REQUIRED ACTION:
Print, in exact form, the lines below from the one containing "HDTV Digital Indoor" through the one containing "Assorted Fruits In", and omit all others.

==== THE DATA ====

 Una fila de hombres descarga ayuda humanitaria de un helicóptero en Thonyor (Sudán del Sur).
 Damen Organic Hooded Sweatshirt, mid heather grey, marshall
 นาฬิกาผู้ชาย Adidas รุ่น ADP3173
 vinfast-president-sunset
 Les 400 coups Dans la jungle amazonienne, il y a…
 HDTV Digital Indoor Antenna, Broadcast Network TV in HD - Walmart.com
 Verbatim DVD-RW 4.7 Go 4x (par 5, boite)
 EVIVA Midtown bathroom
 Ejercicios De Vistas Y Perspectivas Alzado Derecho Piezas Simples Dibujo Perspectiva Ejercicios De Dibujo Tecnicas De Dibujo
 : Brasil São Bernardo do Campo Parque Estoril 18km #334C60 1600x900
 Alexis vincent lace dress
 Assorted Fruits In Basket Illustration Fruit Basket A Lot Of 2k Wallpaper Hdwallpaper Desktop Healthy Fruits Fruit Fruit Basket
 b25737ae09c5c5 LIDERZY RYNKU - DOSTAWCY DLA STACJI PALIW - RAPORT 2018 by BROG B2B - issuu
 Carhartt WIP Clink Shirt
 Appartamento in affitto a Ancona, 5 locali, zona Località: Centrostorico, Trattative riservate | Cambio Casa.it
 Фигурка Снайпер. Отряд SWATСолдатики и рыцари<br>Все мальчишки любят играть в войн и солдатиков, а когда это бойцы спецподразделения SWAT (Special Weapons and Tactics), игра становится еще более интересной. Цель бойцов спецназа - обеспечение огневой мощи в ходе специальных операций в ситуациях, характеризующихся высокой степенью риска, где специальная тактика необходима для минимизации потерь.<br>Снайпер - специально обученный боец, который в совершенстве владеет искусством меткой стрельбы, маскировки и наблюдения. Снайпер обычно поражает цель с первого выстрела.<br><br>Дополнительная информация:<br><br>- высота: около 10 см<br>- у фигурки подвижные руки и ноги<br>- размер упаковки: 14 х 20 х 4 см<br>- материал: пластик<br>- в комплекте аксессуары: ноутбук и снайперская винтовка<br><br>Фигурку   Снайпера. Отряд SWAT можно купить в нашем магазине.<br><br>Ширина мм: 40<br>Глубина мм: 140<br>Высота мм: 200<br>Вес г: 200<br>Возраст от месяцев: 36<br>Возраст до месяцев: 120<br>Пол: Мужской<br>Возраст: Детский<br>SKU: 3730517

====

ANSWER:
 HDTV Digital Indoor Antenna, Broadcast Network TV in HD - Walmart.com
 Verbatim DVD-RW 4.7 Go 4x (par 5, boite)
 EVIVA Midtown bathroom
 Ejercicios De Vistas Y Perspectivas Alzado Derecho Piezas Simples Dibujo Perspectiva Ejercicios De Dibujo Tecnicas De Dibujo
 : Brasil São Bernardo do Campo Parque Estoril 18km #334C60 1600x900
 Alexis vincent lace dress
 Assorted Fruits In Basket Illustration Fruit Basket A Lot Of 2k Wallpaper Hdwallpaper Desktop Healthy Fruits Fruit Fruit Basket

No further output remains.